QUESTION: Yes, thank you. Just one more. As you know,(inaudible) -- State Department will release a annual terrorism report and that's why everybody is focusing on March where maybe some kind of breakthrough in this declaration and U.S. might remove North Korea from the terrorist list. And at this point, is there any U.S. efforts underway to remove North Korea from the terrorism list?

MR. CASEY: Well, first of all, let's just -- let me just remind you of a couple of technical points there. The report that will be released this month covers last year. So I don't think -- since North Korea was not removed from the terrorism list last year -- a report covering last year probably won't have anything new for you in that regard.

In terms of our process on this, as Chris said, we have begun the process of looking at these issues -- the terrorism list as well as the Trading with the Enemies Act. You’ve heard from him repeatedly on the standards applied there. But I don’t have anything that I’m trying to indicate to you that would tell you there is anything imminently in the works on that. Certainly, I don’t think you should look to the presentation of a report on terrorism in the world during 2007 for something new.

Yeah, Nina.

QUESTION: Somalia. I know we’re being referred to the Pentagon, but if you could talk about the nature of the target, perhaps?

MR. CASEY: If I knew the nature of the target, I’d be happy to talk to you about it. Let me just repeat what the Pentagon has said for you, and then I would have to refer you over there for additional details. The Pentagon has said that the U.S. military did launch a strike in Somalia against al-Qaida and al-Qaida-related targets there. I think this just shows that we as well as our partners in the region and around the world are going to continue to do what is necessary to fight the war on terror and to respond to terrorists wherever they may be.

Yeah, Libby.

QUESTION: Back to Russia. In looking at the election from what you’ve seen so far and also leading up to the elections, what would you say your main concerns are about how that election process was held?

MR. CASEY: Well, we talked a little bit about this in the gaggle this morning. But, you know, the best way I can describe it, first of all, we acknowledge that Mr. Medvedev has been declared the winner in Russia’s presidential election. Russia is an important country, as I was noting in our discussion about the Iran resolution. It’s a country with which we have had good cooperation in a number of areas, including counterterrorism and counterproliferation, and we certainly hope that will be able to continue with this new government.

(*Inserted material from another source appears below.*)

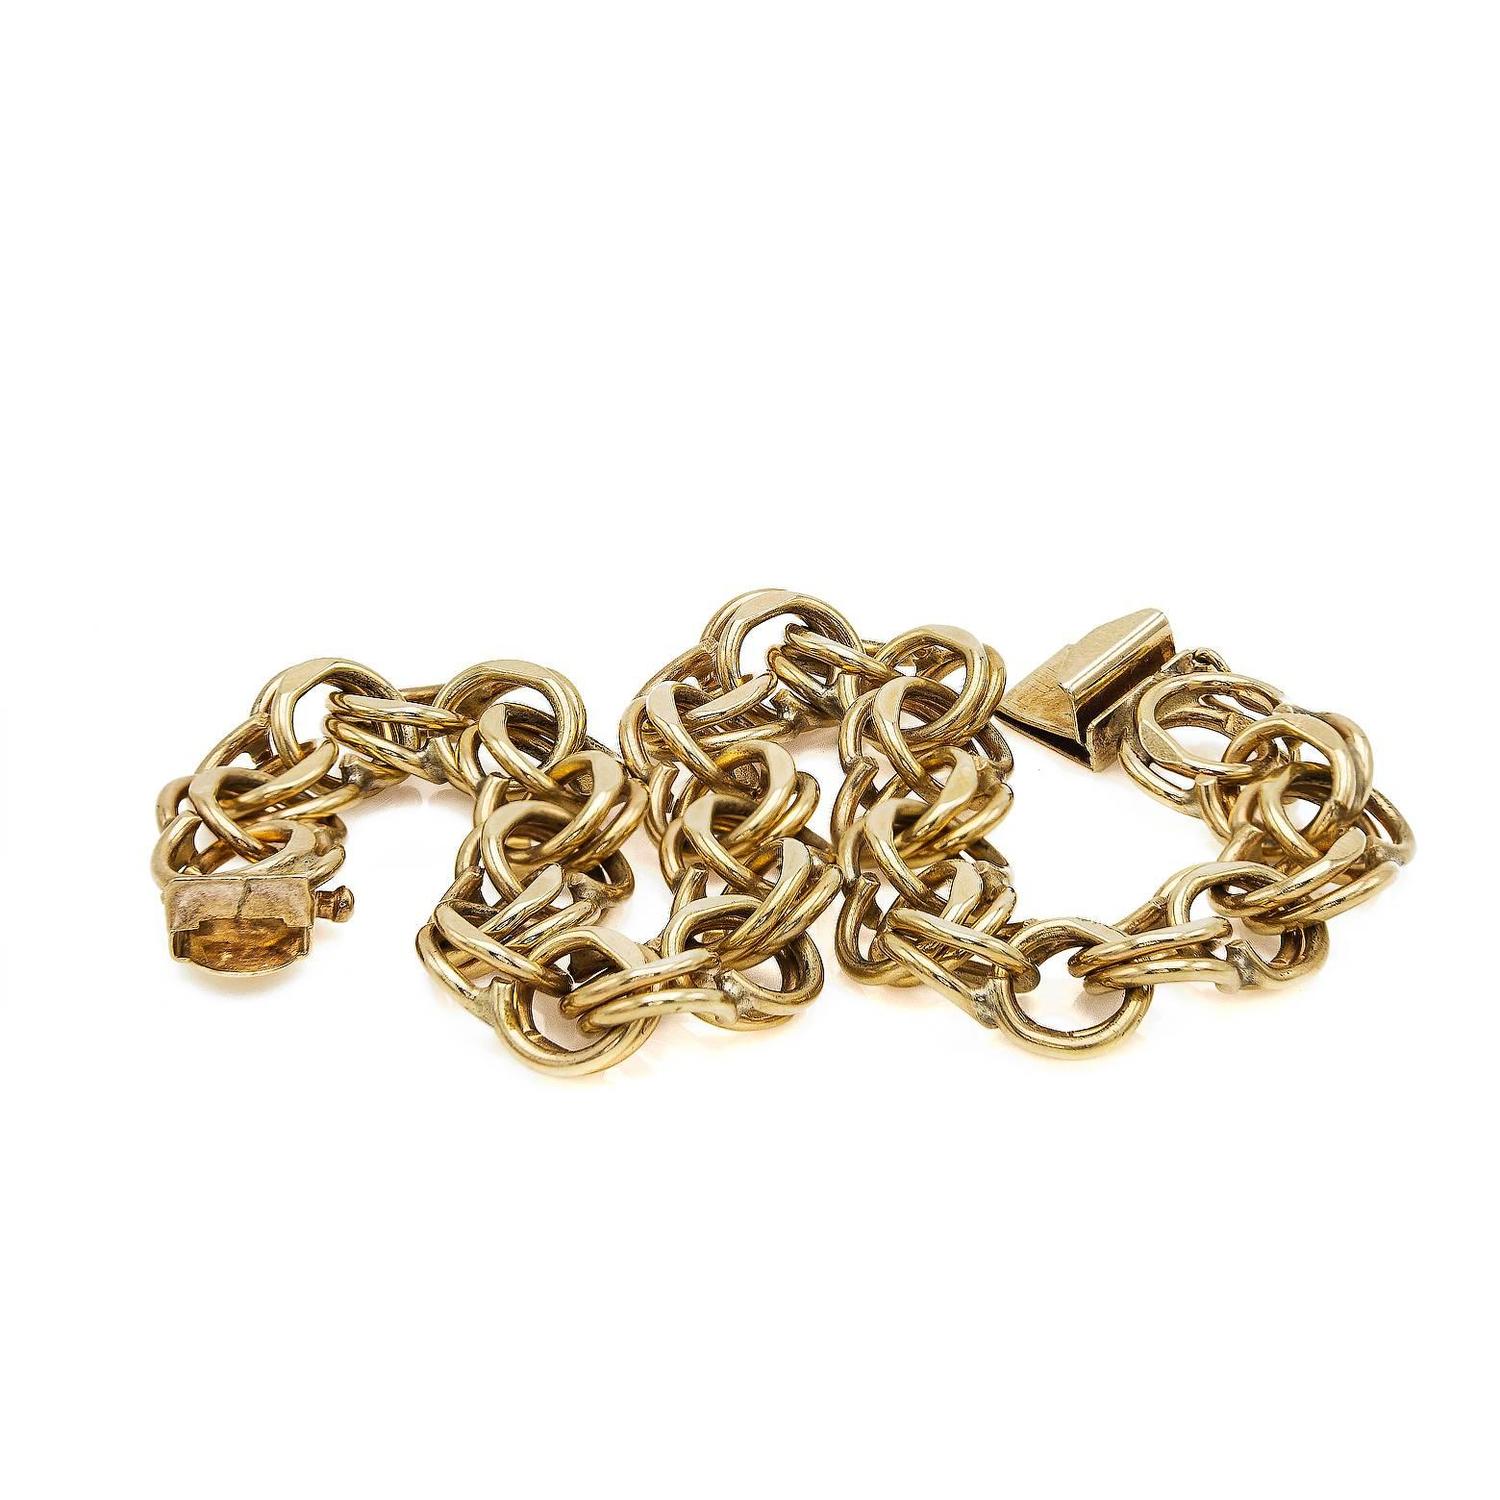 Gold Chain Link Bracelet For Sale at 1stdibs

In terms of the election and in terms of Russian democratic process, the President, the Secretary and many others have spoken about our concerns over time about democracy and the progress of democracy in Russia. And I don’t think that these elections have done anything to change our views or change our concerns about them.

The election itself proceeded in a peaceful manner. In terms of what our concerns were in it, though, you’ve heard a lot of discussion in the run-up to that election about the openness of the process and the ability of people outside of the government candidates to make their voices heard. The best summary of that is in the report from the Council of Europe observers who were on the ground. I think there were others that are putting reports forward. But I think that gives you a general assessment of the concerns that are out there, and we’d certainly share those concerns.

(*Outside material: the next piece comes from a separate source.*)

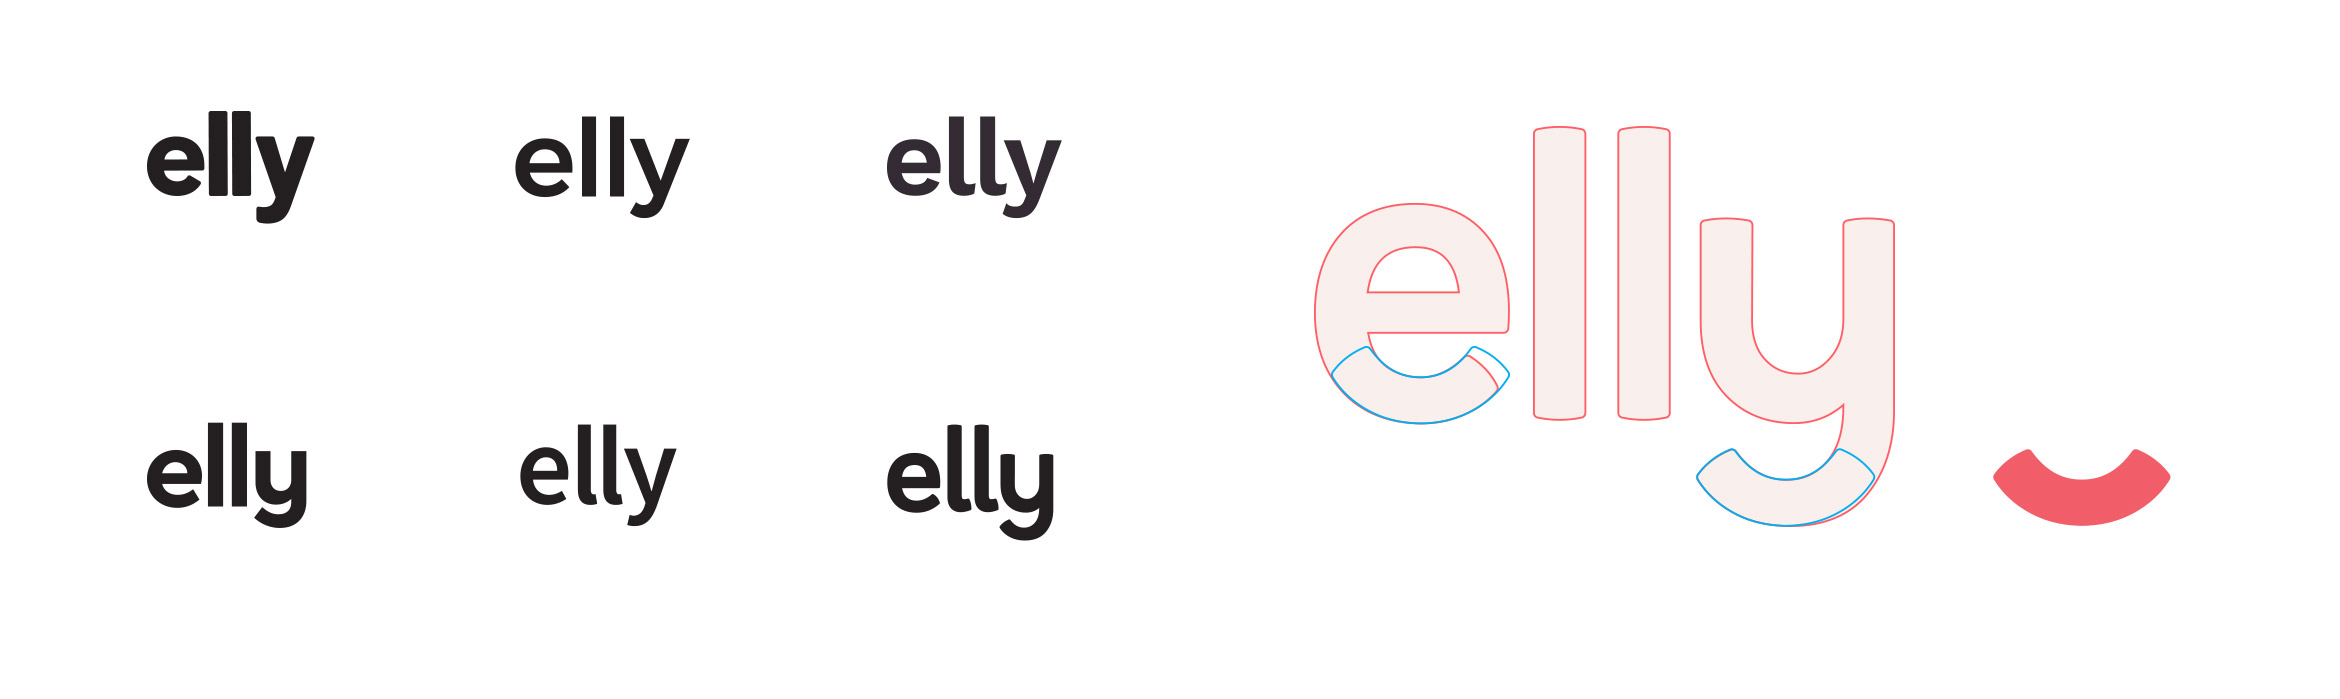 Elly-Dev2

QUESTION: In going forward, I mean, does this bring up any concerns about working with the new Russian president given the way -- given the concerns under which he was elected?

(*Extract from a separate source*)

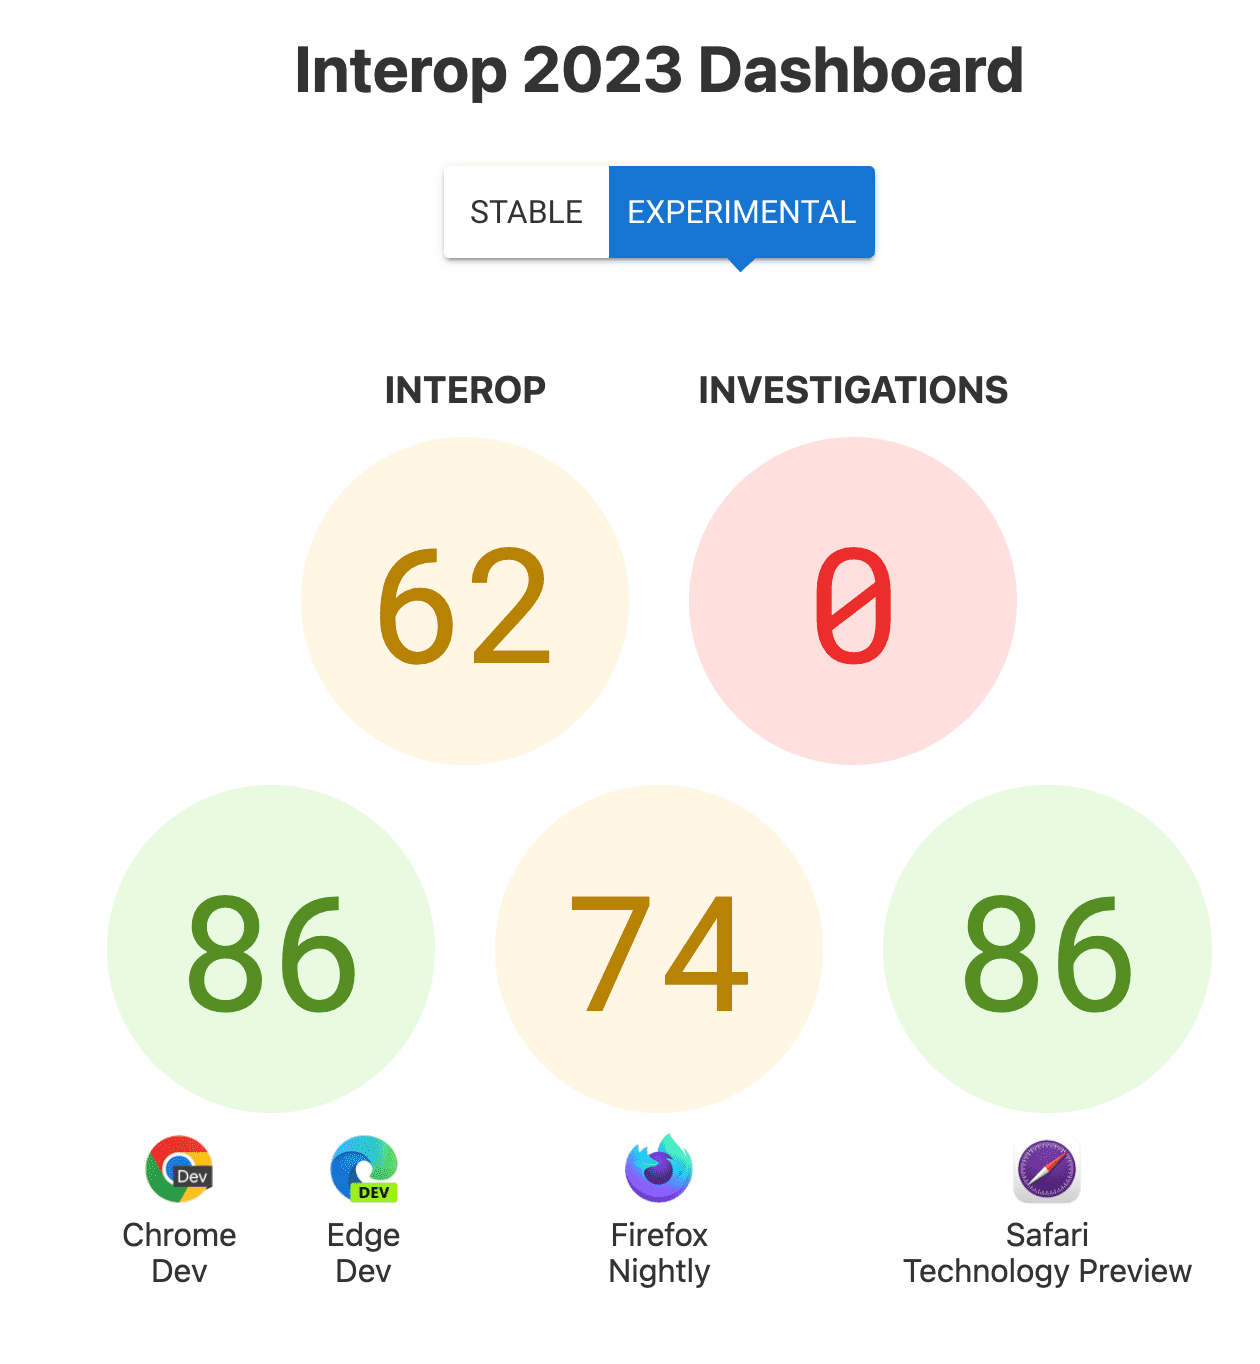 互操作性总体得分：62；调查结果：0；每个浏览器的得分 - Chrome 和 Edge 为 86，Firefox 为 74，Safari Technology Preview 为 86。

MR. CASEY: Well, I think what’s important is in his campaign Mr. Medvedev has made several references to the importance of the rule of law and the importance of people being able to express their views. I think we hope going forward that he will turn those rhetorical commitments into action and that we will see some of the issues that we have expressed concern about and others have expressed concern about in terms of the development of democracy in Russia move forward and make progress. So we’ll be talking with him about that, but we certainly hope that we can have a good relationship with him on all those areas where we currently have positive cooperation with Russia and perhaps we can see some changes on some of those other areas where we have spoken out.

QUESTION: Do you expect President Putin to still be calling the shots?

MR. CASEY: Look, I expect that President Medvedev will be president of Russia; that if, in fact, as he’s indicated, he will name President Putin as prime minister, that he will fulfill those duties. The Russian system has a pretty clear delineation of responsibilities between the president and prime minister. Until proven otherwise, I think we’ll expect that those officeholders will carry out their duties and responsibilities in accordance with the constitution.


QUESTION: On the Gaza violence, what’s the State Department’s assessment of where things stand now on the agreements made at Annapolis three months ago?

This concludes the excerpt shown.